-- DATA SHOWN --
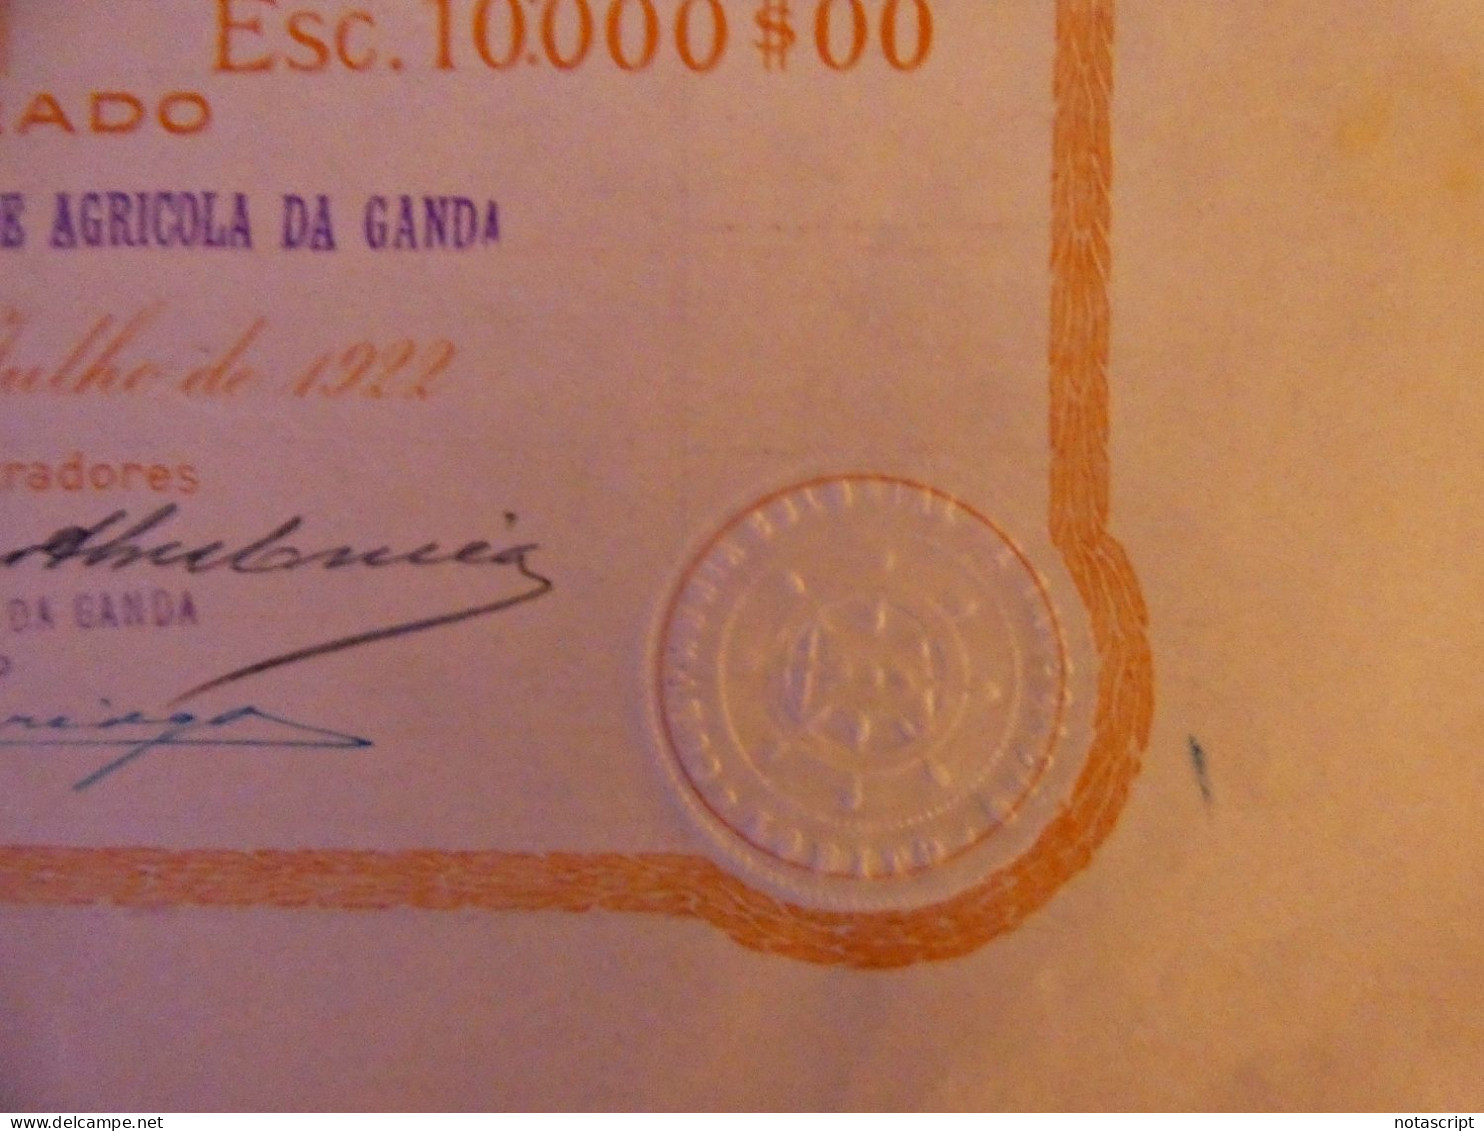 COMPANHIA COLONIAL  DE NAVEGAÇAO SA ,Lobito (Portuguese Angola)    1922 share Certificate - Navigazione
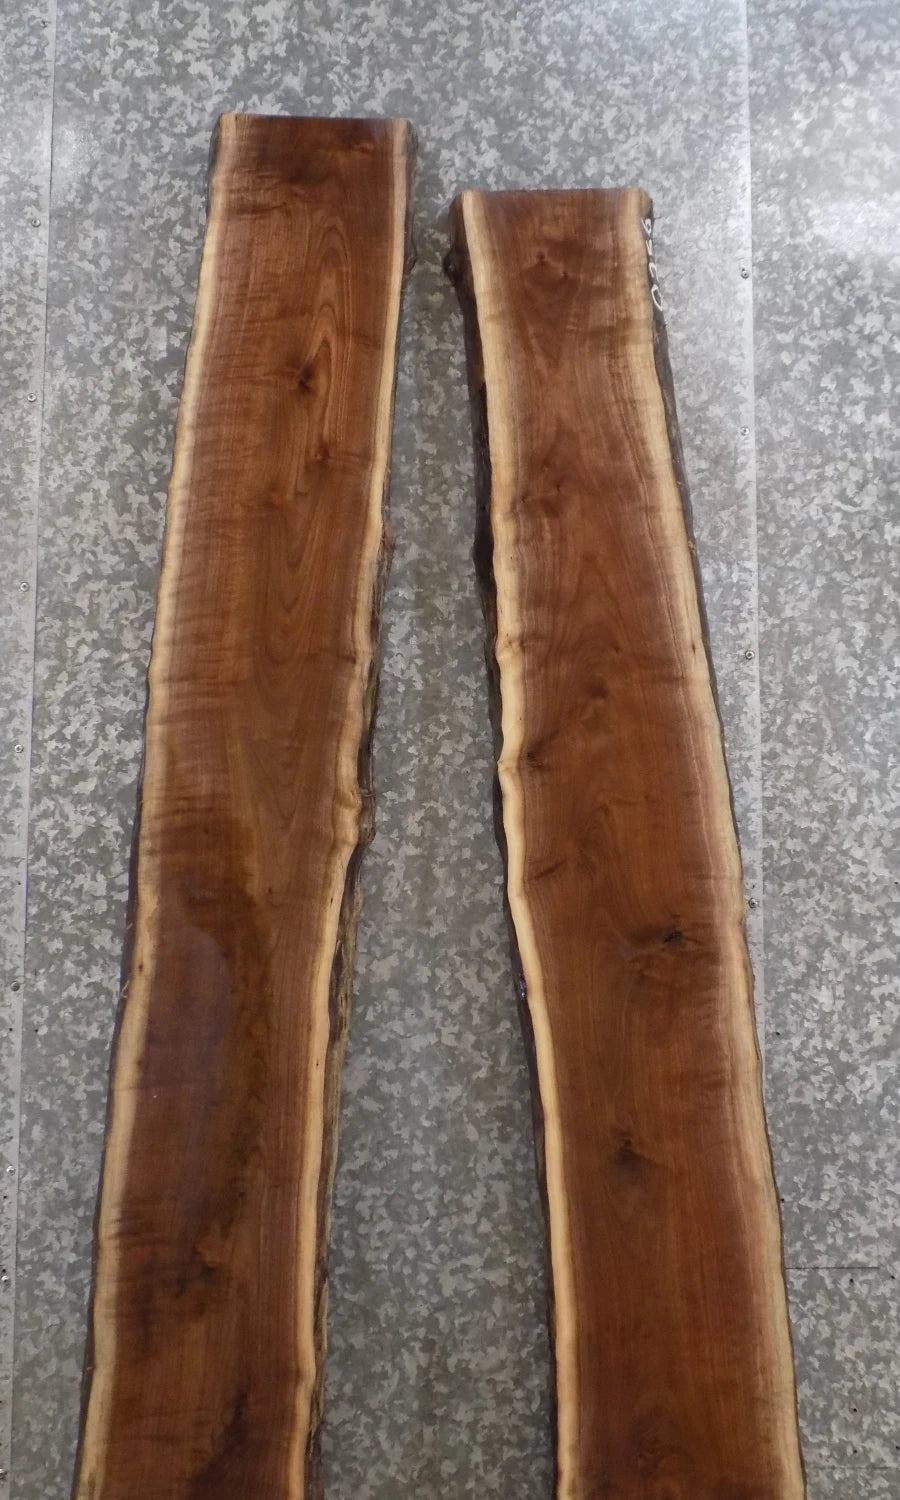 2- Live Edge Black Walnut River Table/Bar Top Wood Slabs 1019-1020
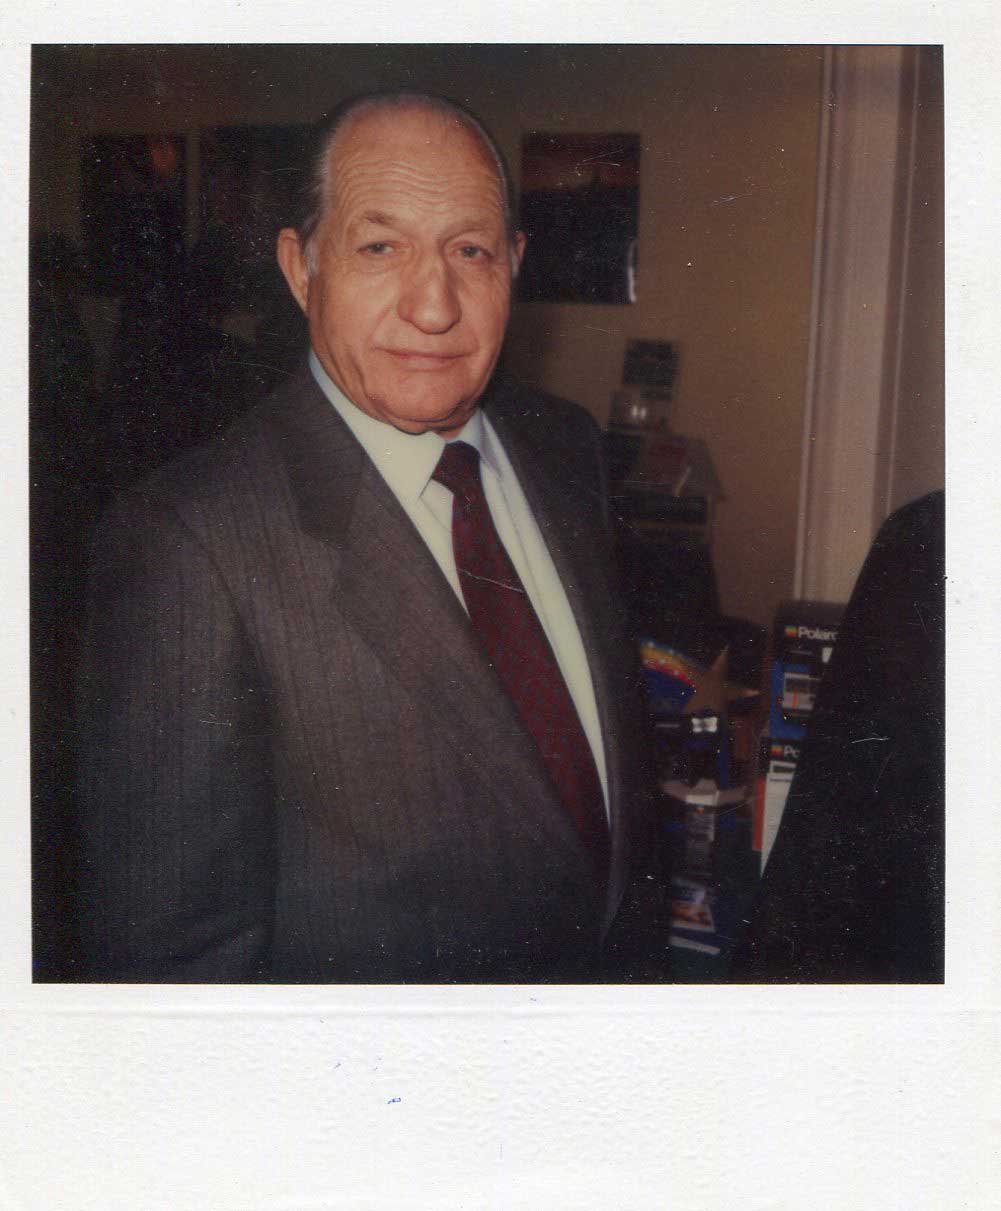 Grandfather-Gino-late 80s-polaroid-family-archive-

-- WHAT IS NEEDED --
Retype the listing above exactly, please. Pictures do not belong in the copy.

-- TASK RESULT --
 COMPANHIA COLONIAL  DE NAVEGAÇAO SA ,Lobito (Portuguese Angola)    1922 share Certificate - Navigazione
 2- Live Edge Black Walnut River Table/Bar Top Wood Slabs 1019-1020
 Grandfather-Gino-late 80s-polaroid-family-archive-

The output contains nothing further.